The attached state means that HEAD points to the latest commit on the branch. Detached is the opposite – where it points to one of the previous commits, as we have now (see comments). We made HEAD pointing to the First commit, and when we run git checkout Feature1 which points exactly to the same commit 1308c, HEAD will return to the attached state. Maybe a little bit strange, but at least now we know what these two terms exactly mean.
… and annotated
Which are rather like commits that point not to the trees, but other commits. Let’s try:
git tag -a BreakingChange 7cb5 -m 'Tagging breaking change' cat .git/refs/tags/BreakingChange #615be0719f0c78b5c9fe47ed60fe3bbd9886b2e8 git cat-file -p 615be #object 7cb50860d4f0edae6b584aee195e243e2cf6145a #type commit #tag BreakingChange #tagger Pawel Szczygielski <pawel.szczygielski@> 1614340432 +0100
So, when we created the annotated tag, inside .git/objects new item has been also created. Our tag point to that item, which contains more data about the tagger, date and of course another reference to the commit (again, check the ultimate diagram to see these connections).
Interesting thing is that not only commits can be tagged. We can easily tag blobs, other tags and trees:
git tag -a Tree 72b1 -m 'Tagging tree' cat .git/refs/tags/Tree #c5f16d44bce7845e69954e6be91b3e50cf091536 git cat-file -p c5f16 #object 72b177c6a7d277b82751ec26e00f356db571f4bd #type tree #tag Tree #tagger Pawel Szczygielski
I haven’t tagged anything else than commit yet, and even though I can see usage for tagging blobs – to indicate key resources in our repository for example – in general, I noticed that people rather discourage from tagging anything else than commits.
I planned to write this in a separate post, but ok – this is another kind of reference, just like tag or branch, so it should be here. First, we will set up a remote repository. To make it simpler, let’s create a remote on the same machine, in another sibling folder.
#we're in main repository folder cd .. #go one level up mkdir BareRepo #create new branch for the 'remote' repo cd BareRepo #go there git init --bare BareRepo.git #initialize bare repo #Initialized empty Git repository in C:/Temp/BareRepo/BareRepo.git/ cd ../TestRepo #back in our repository
We’re back in our repo, now we will connect the „remote” bare repository („bare” means, shortly speaking, that it contains only the .git folder and its objects, not the code itself. Of course the topic is more complex, but this explanation is enough for our purposes).

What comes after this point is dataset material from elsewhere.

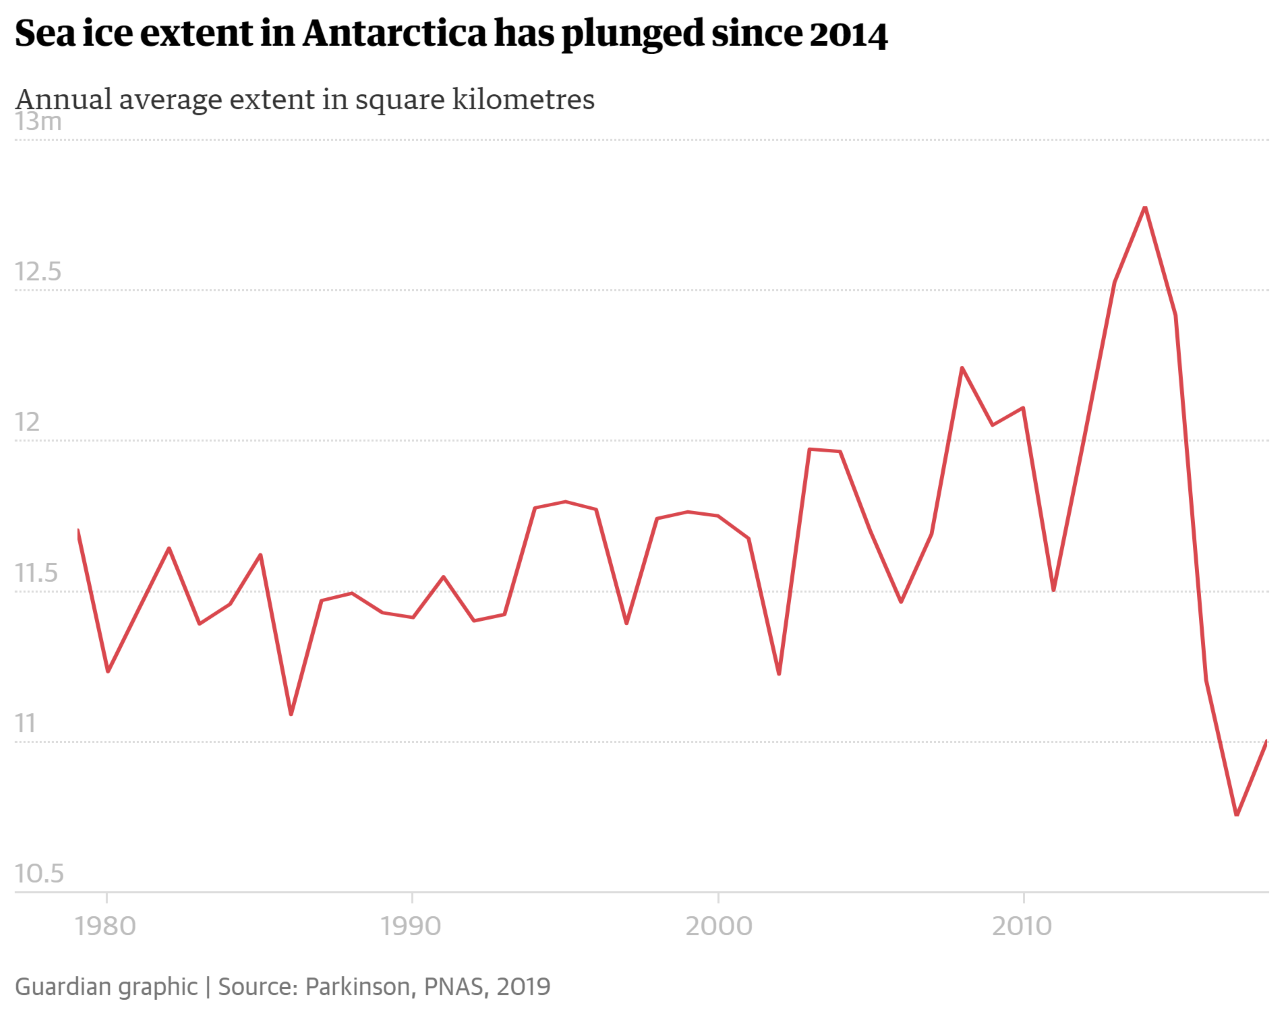 Annual average sea-ice extent in the Southern Ocean, 1979-2019. Sea ice extent in Antarctica has plunged since 2014. Data: Parkinson, 2019 / Proceedings of the National Academy of Sciences. Graphic: The Guardian

Now we will add BareRepo as our remote repo and we will push our code to it.
git remote add origin ../BareRepo/BareRepo.git git push origin master #Enumerating objects: 6, done. #Counting objects: 100% (6/6), done. #Delta compression using up to 8 threads #Compressing objects: 100% (3/3), done. #Writing objects: 100% (6/6), 472 bytes | 157.00 KiB/s, done. #Total 6 (delta 1), reused 0 (delta 0), pack-reused 0 #To ../BareRepo/BareRepo.git #* [new branch] master -> master
When we examine BareRepo we will see that it contains our tree and blob objects. And in our base repo, a new folder appeared: .git\refs\remotes\origin containing one file:
cat .git/refs/remotes/origin/master #7cb50860d4f0edae6b584aee195e243e2cf6145a
On the ultimate diagram, we can see that this file contains the ID of our latest commit (Second commit). It’s because we have to know what was the latest known state of the remote. This master file holds information about it. Of course, we could also push our Feature1 branch:
git push origin Feature1 #Total 0 (delta 0), reused 0 (delta 0), pack-reused 0 #To ../BareRepo/BareRepo.git #* [new branch] Feature1 -> Feature1 git push origin Feature1 #Everything up-to-date
When we try to push the same content again, git knows that Everything is up-to-date. How? Of course, because .git\refs\remotes\origin\Feature1 file exists and holds information about remote state. When we change our Feature1, then we’ll be able to push our changes. We all know this mechanism, we use it in our daily work. But now we understand how it works (hopefully, at least a general outline…).